BOISE, Idaho (AP) - The cases of a woman stabbed in Idaho and another strangled in Washington in the 1990s didn’t seem related until law enforcement officials realized through DNA evidence that they likely had the same killer.
Samples sent to a national DNA database provided no suspects, however.
Then last year agencies compared notes and discovered that a name on a slip of paper found in the Washington woman’s purse was the same as a name on a list kept by Idaho detectives.
DNA from a cigarette discarded by Lee Miller connected him to the crimes, and on Wednesday the 54-year-old Boise, Idaho, man was sentenced to life in prison.
“He wasn’t a suspect in either one of our cases at the time,” said Detective Martin Garland with the Bremerton Police Department in Washington. “But because he was the only person that was in both of our case files, we identified him as likely the person that was responsible.”
Miller was sentenced by both states on Wednesday in Idaho with Kitsap County, Washington, Judge Jeanette Dalton participating via video conference.
Miller earlier this year pleaded guilty in each case to second-degree murder for the 1994 stabbing death of 49-year-old Cheryle Barrett in Boise and the 1992 strangulation death of 57-year-old Marilyn Hickey in Bremerton, near Seattle.

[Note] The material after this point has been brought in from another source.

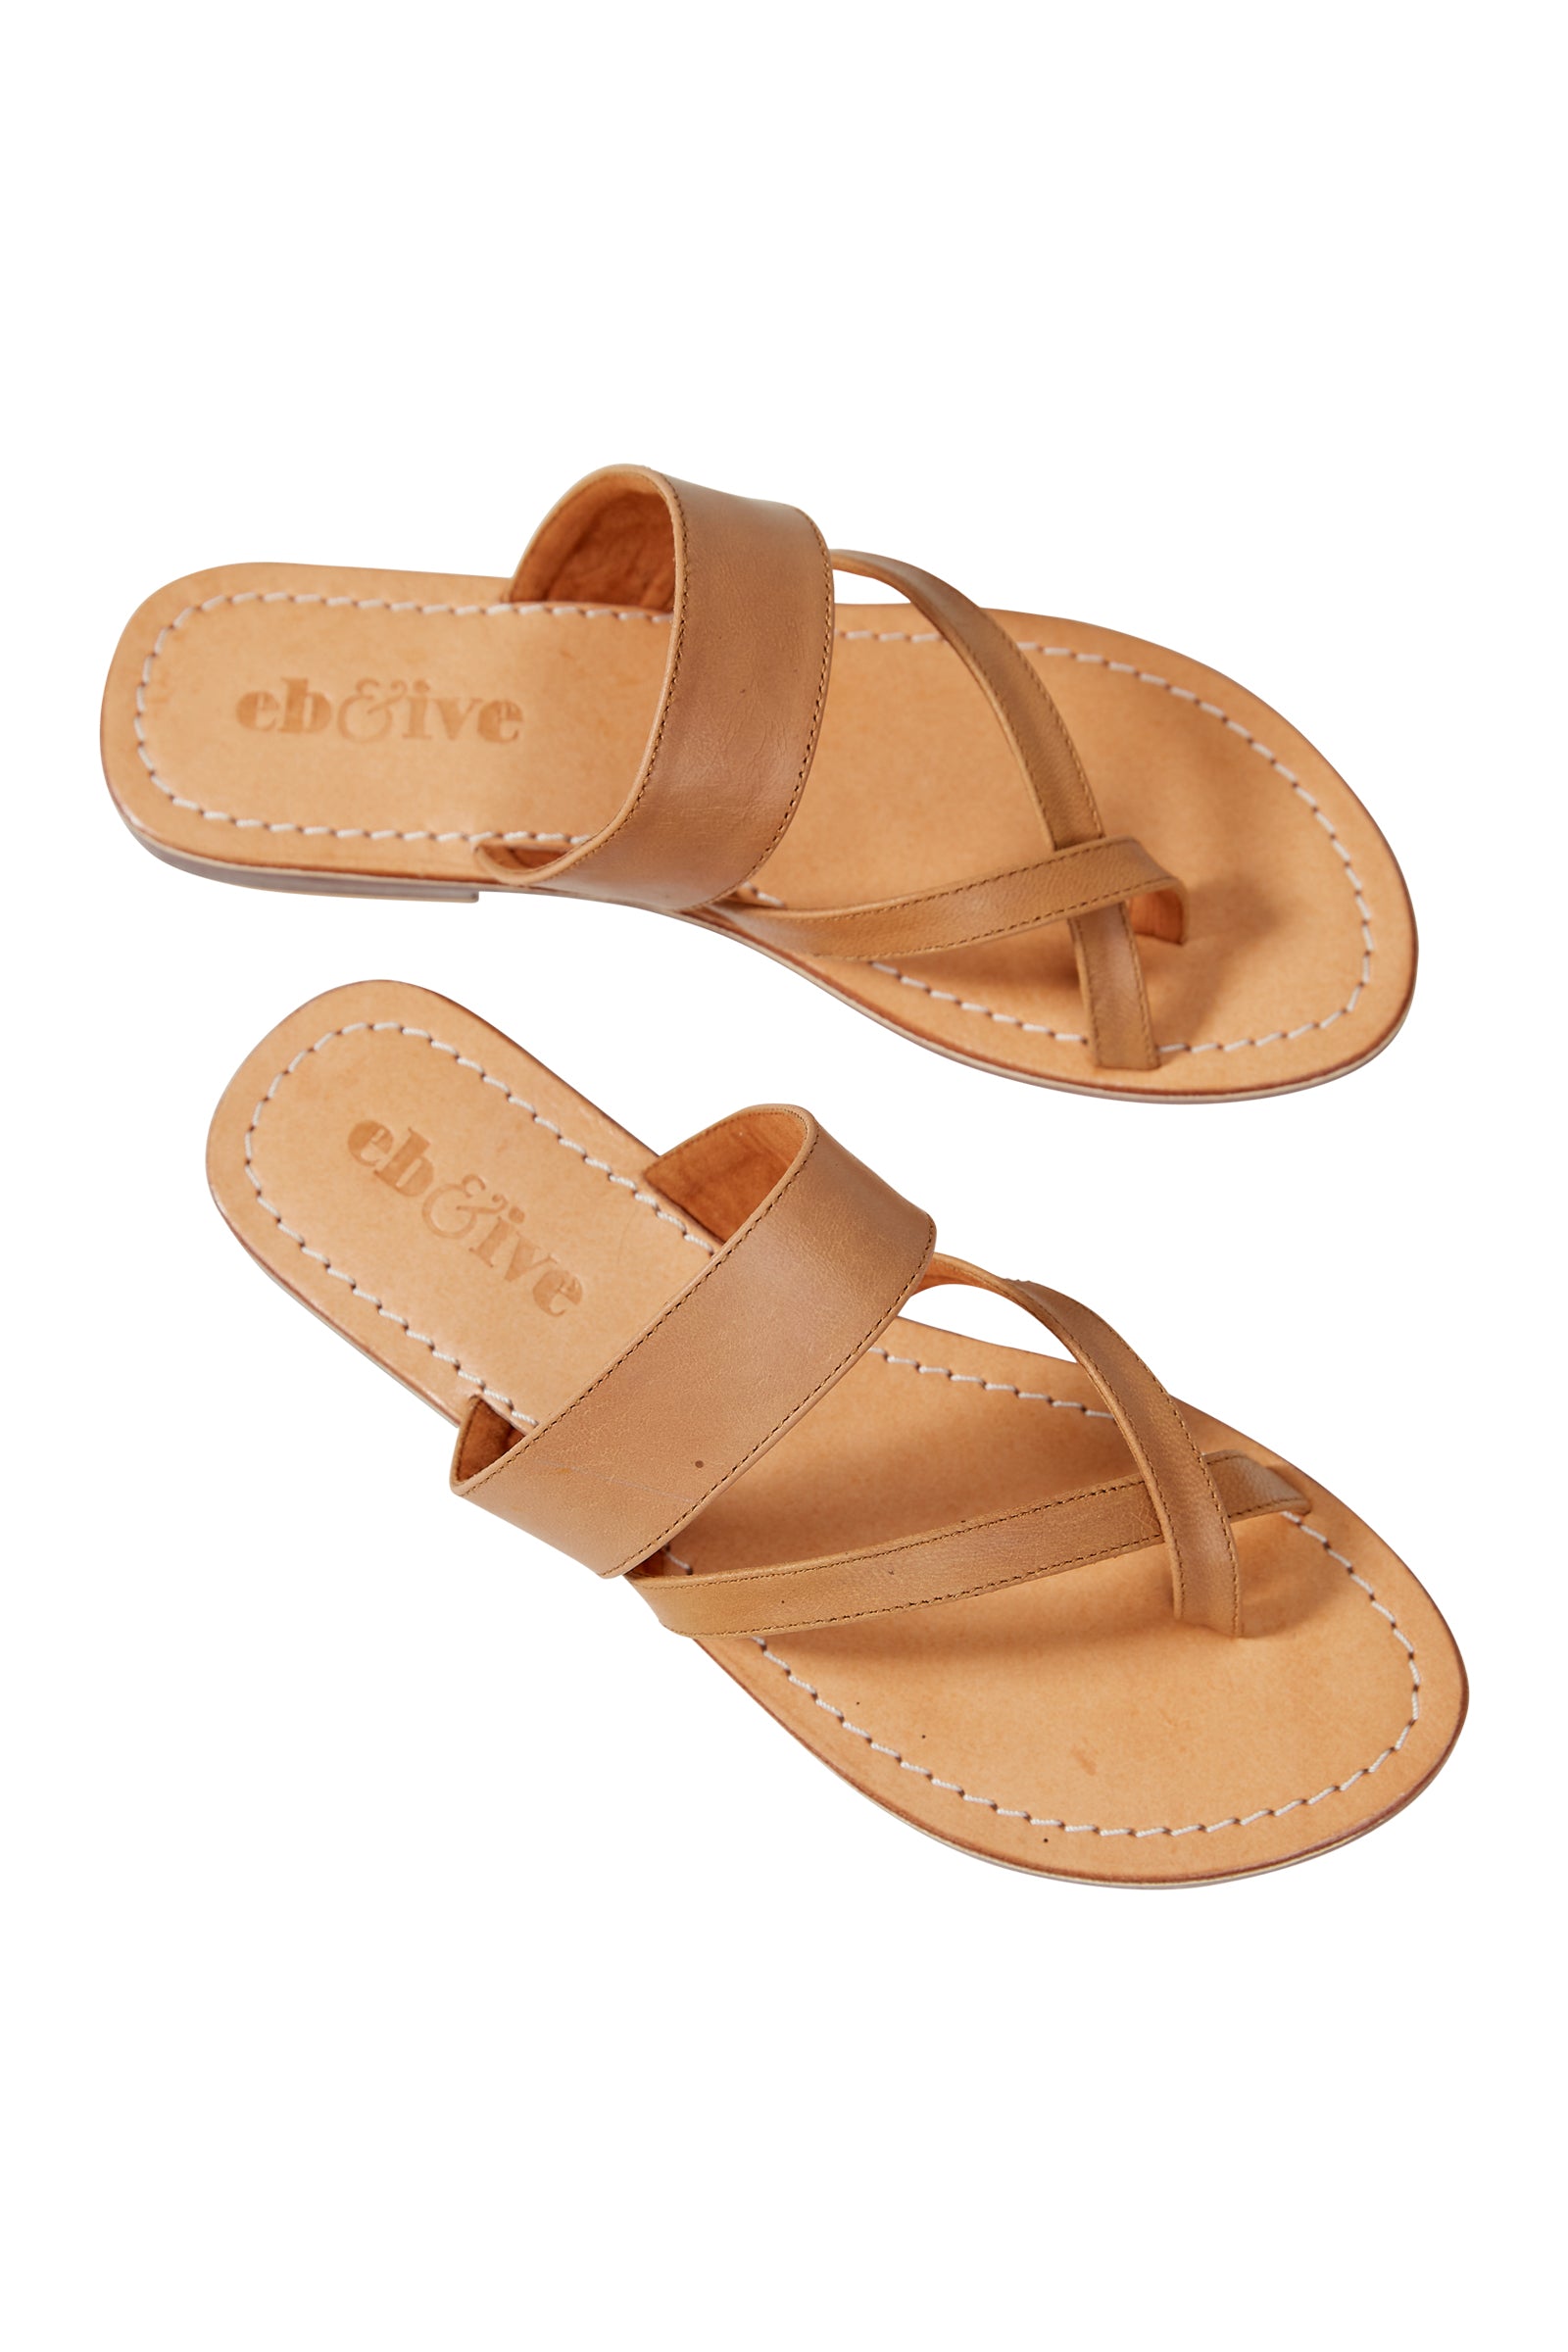 Verve Sandal - Caramel - eb&ive Footwear - Sandals

The Idaho sentence is life with a minimum of 25 years, while the Washington sentence is 17 years. The sentences are to run consecutively, meaning Miller faces a minimum of 42 years in prison.

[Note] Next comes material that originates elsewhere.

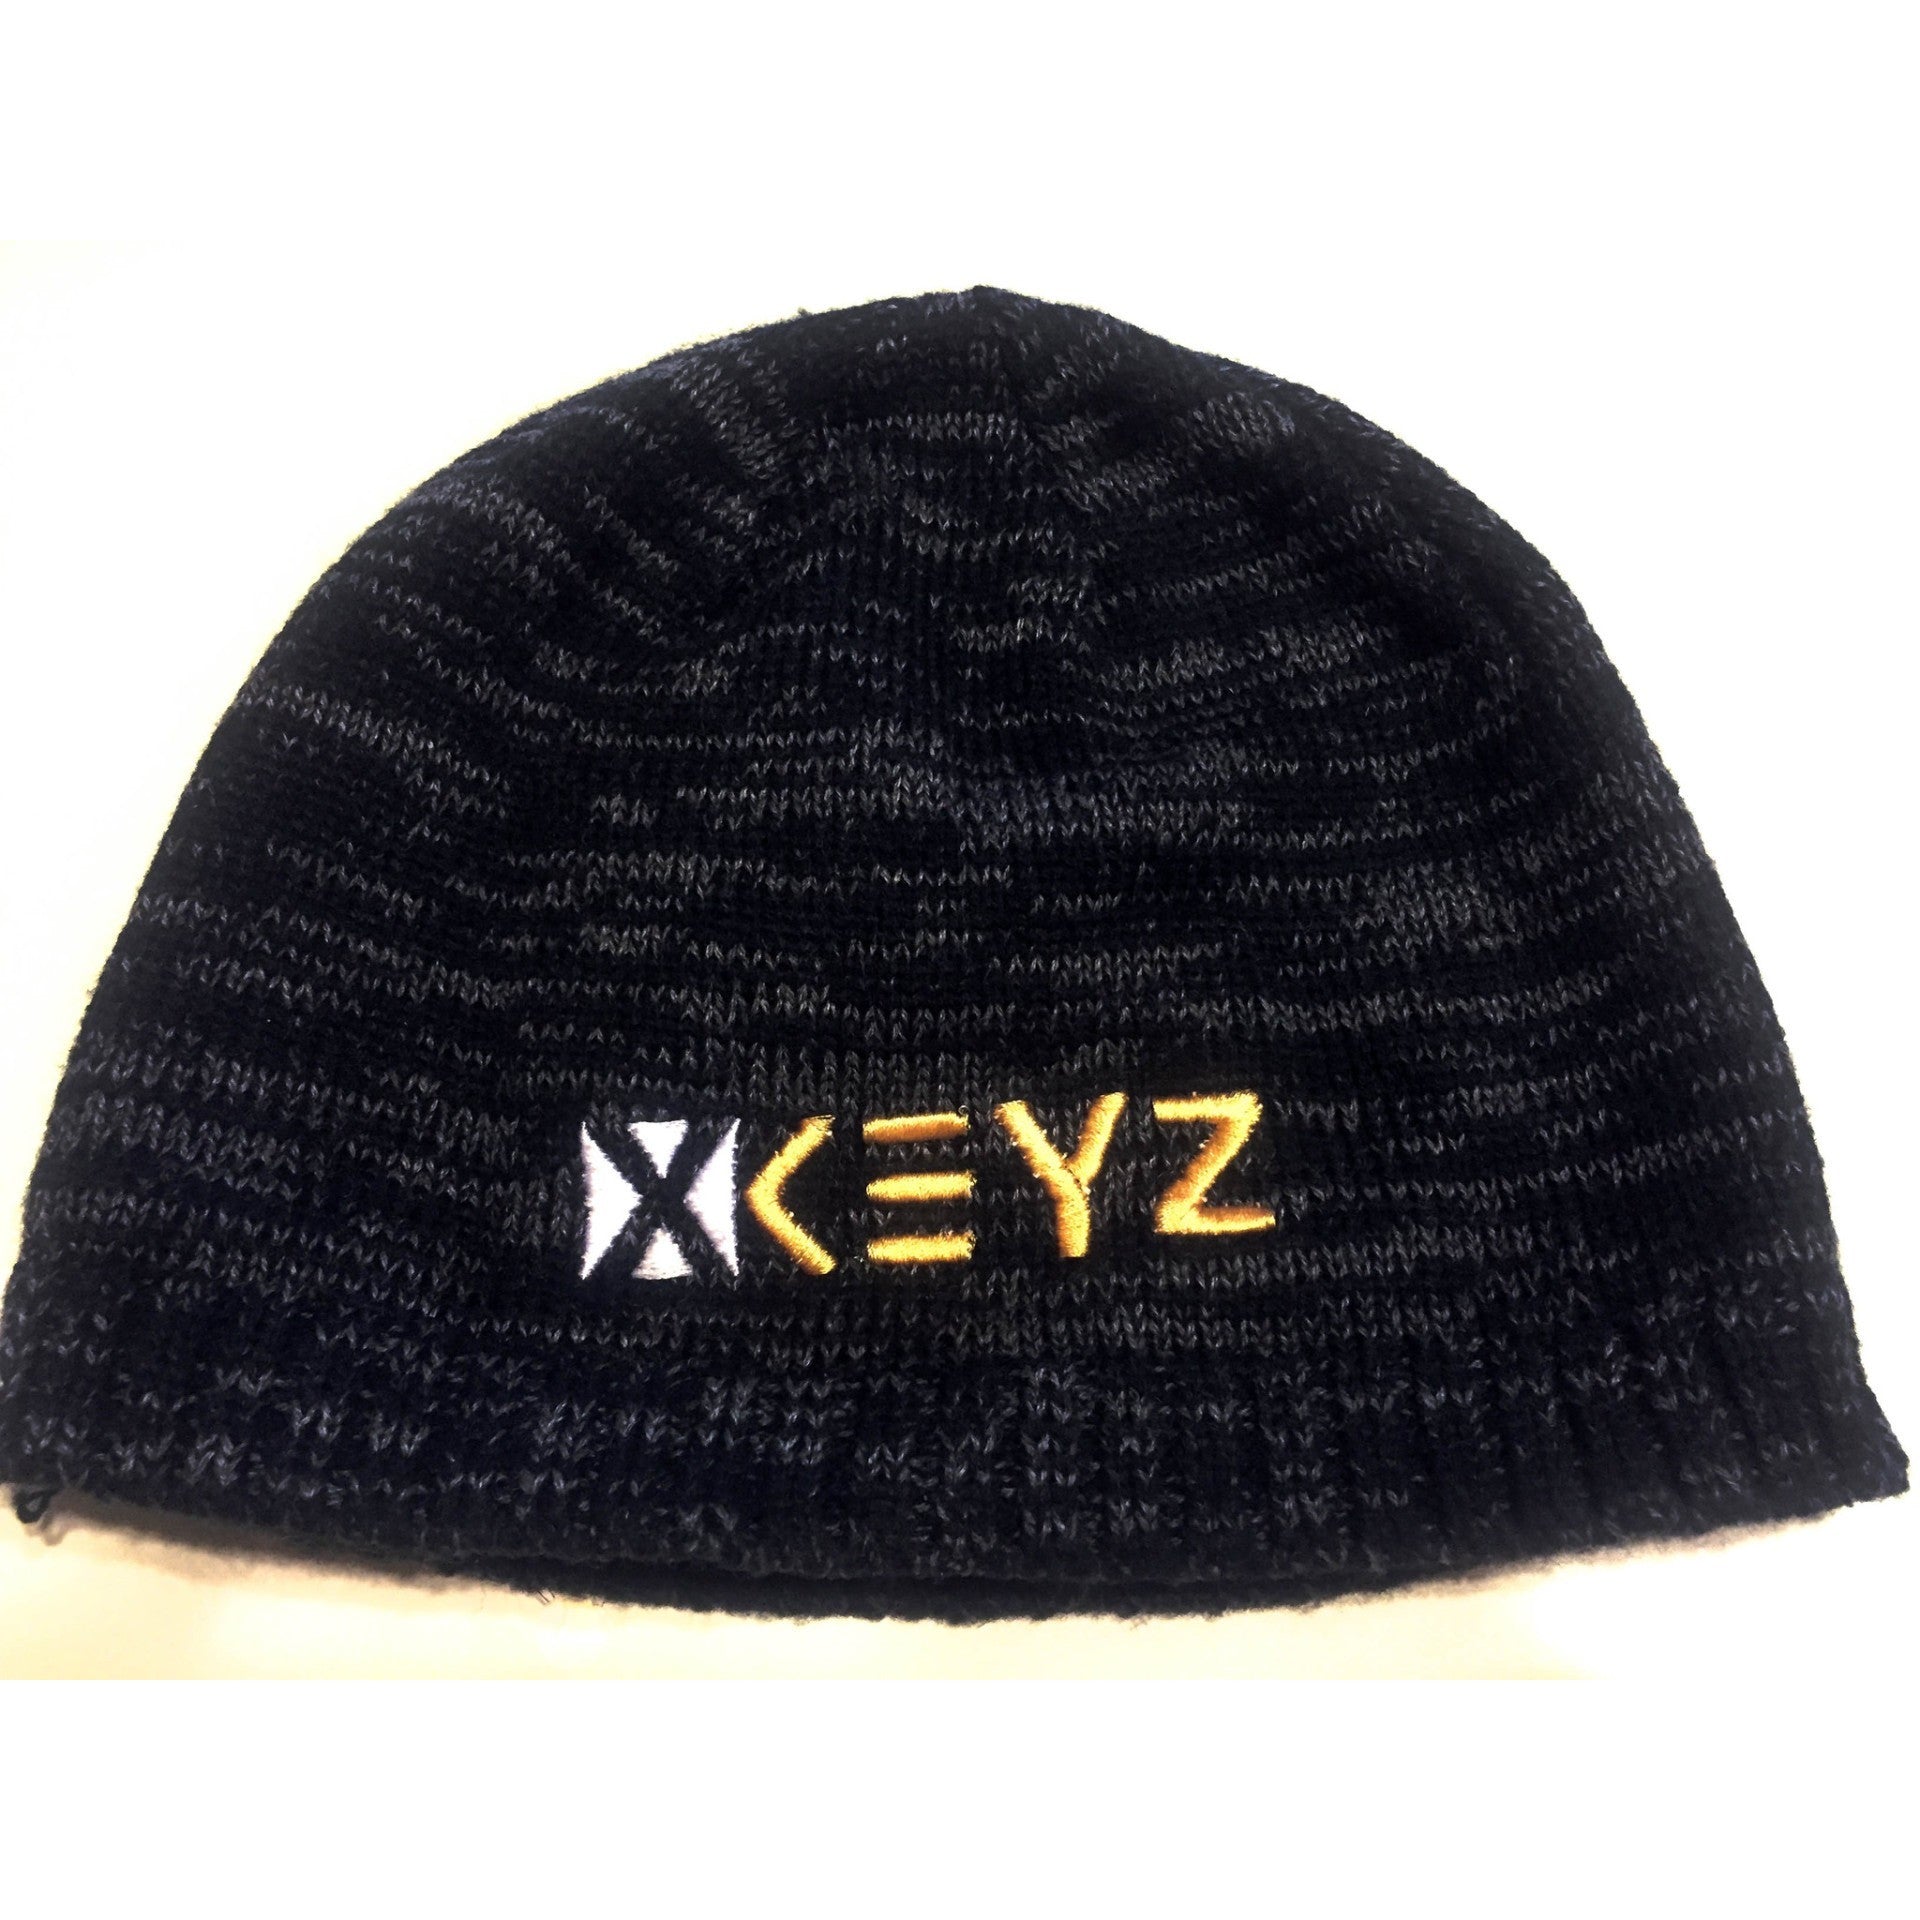 Signature "XKEYZ" Beanie Hat

“I am very sorry for the pain that I’ve caused the families that have been affected by my past,” Miller said. “I don’t expect them to ever forgive me. But I would just like them to know that I am very sorry.”
Miller’s defense attorney, Danica Comstock, said Miller had a difficult childhood with an abusive and alcoholic mother and stepfather, causing Miller to suffer from angry blackouts in his younger years. Miller had been involved in intimate relationships with Hickey and Barrett before he killed them, Comstock said.
Idaho 4th District Court Judge Steven Hippler said both deaths were violent, with both victims being brutalized.
In the years that followed the killings, Miller fathered two daughters, but he didn’t play a major role in their lives. In 2016 he moved to Boise to become the primary caregiver to at least one of his daughters. He’s also about to become a grandfather.
Hippler said that an added element of Miller’s punishment was losing the life he had begun to rebuild.